Высокого роста, семидесятилетний пан-отец служил образцом самоуважения и порядочности. Худощавый, спокойный старик держал в строгом повиновении всю свою огромную семью; истинная доброта патриарха украшала его и влекла к нему.

Обедал он особо, в чистой светлице, в святом куту[55], под большими живописными образами на холстах, за чистым столом, покрытым домотканным рядном.

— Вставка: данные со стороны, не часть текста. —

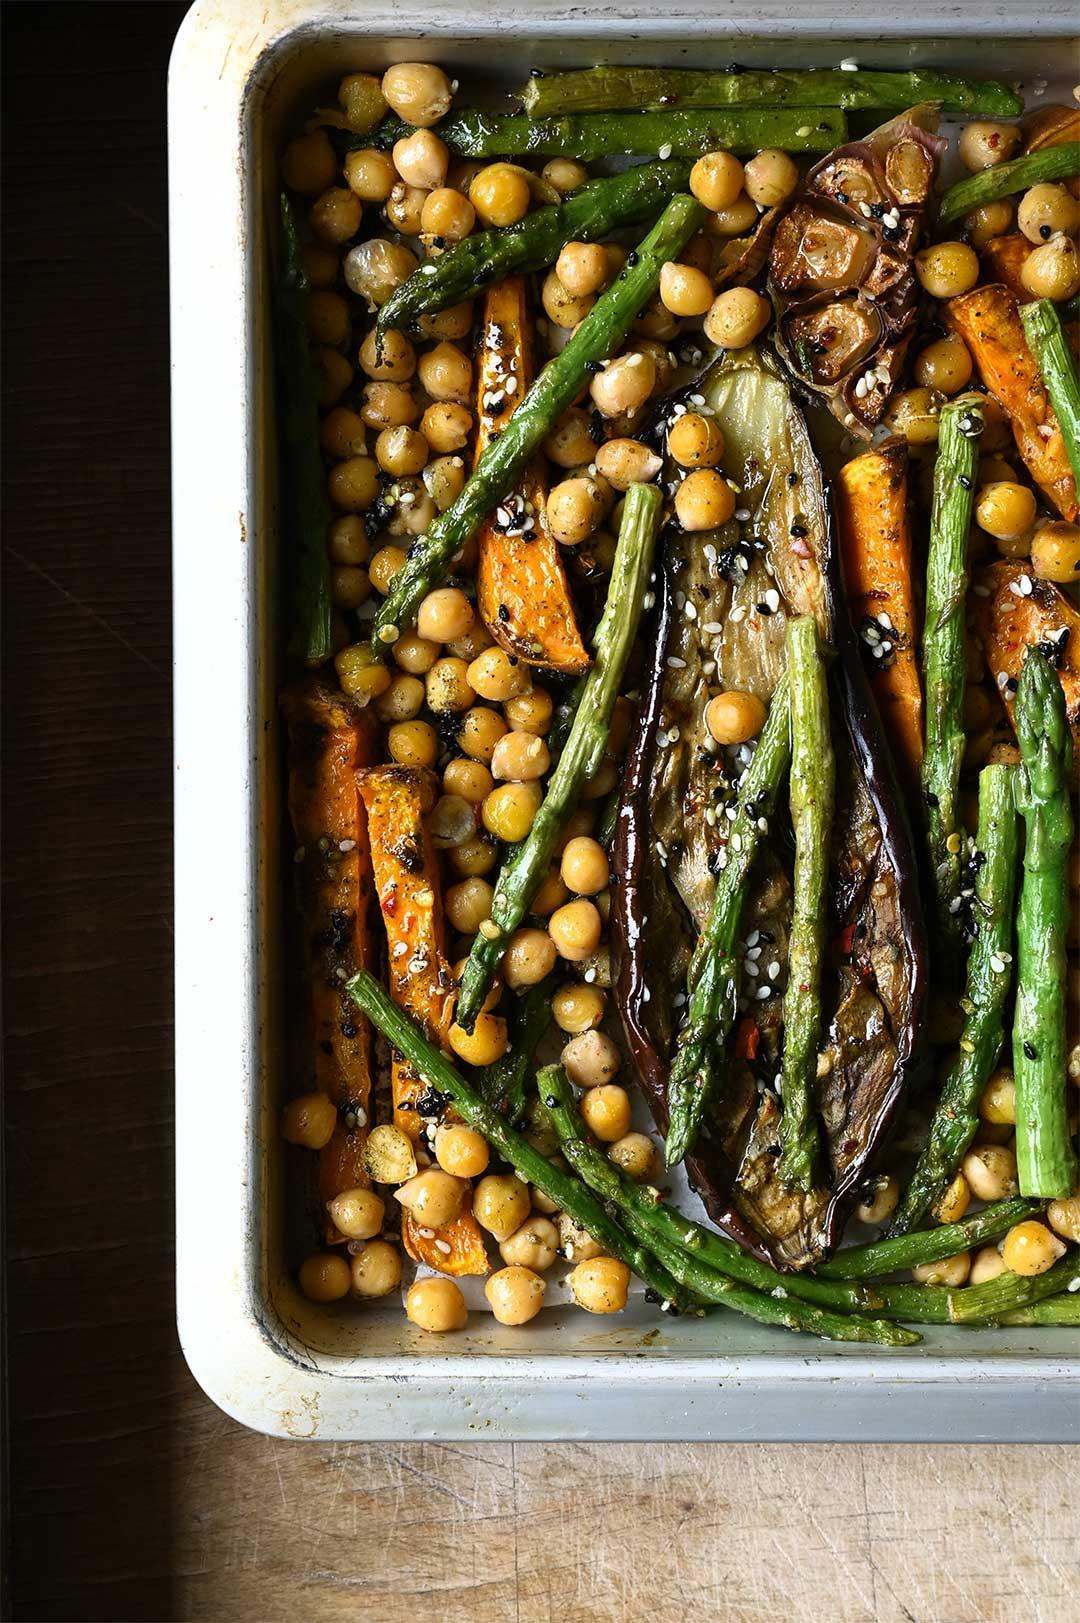 serving dumplings | Hummus bowl with roasted vegetables & za'atar oil

Только нас троих как гостей или занятых божьим делом он пригласил обедать с собою, а вся многочисленная семья, с работниками обедала на кухонной половине с большою печью, полатями, боковыми клетями и всякими подпечками для кур и ягнят. Сыновья пан-отца, два дюжих чумака, только что вернулись из Крыма, куда они ходили «по сіль» (за солью). Возы их, еще не раскупоренные, стояли на дворе. Запакованные накрепко промасленной парусиной и увязанные рогожами, они не боялись дождей. Жены сыновей пан-отца, высокие, стройные женщины, были изумительно, по-южному красивы.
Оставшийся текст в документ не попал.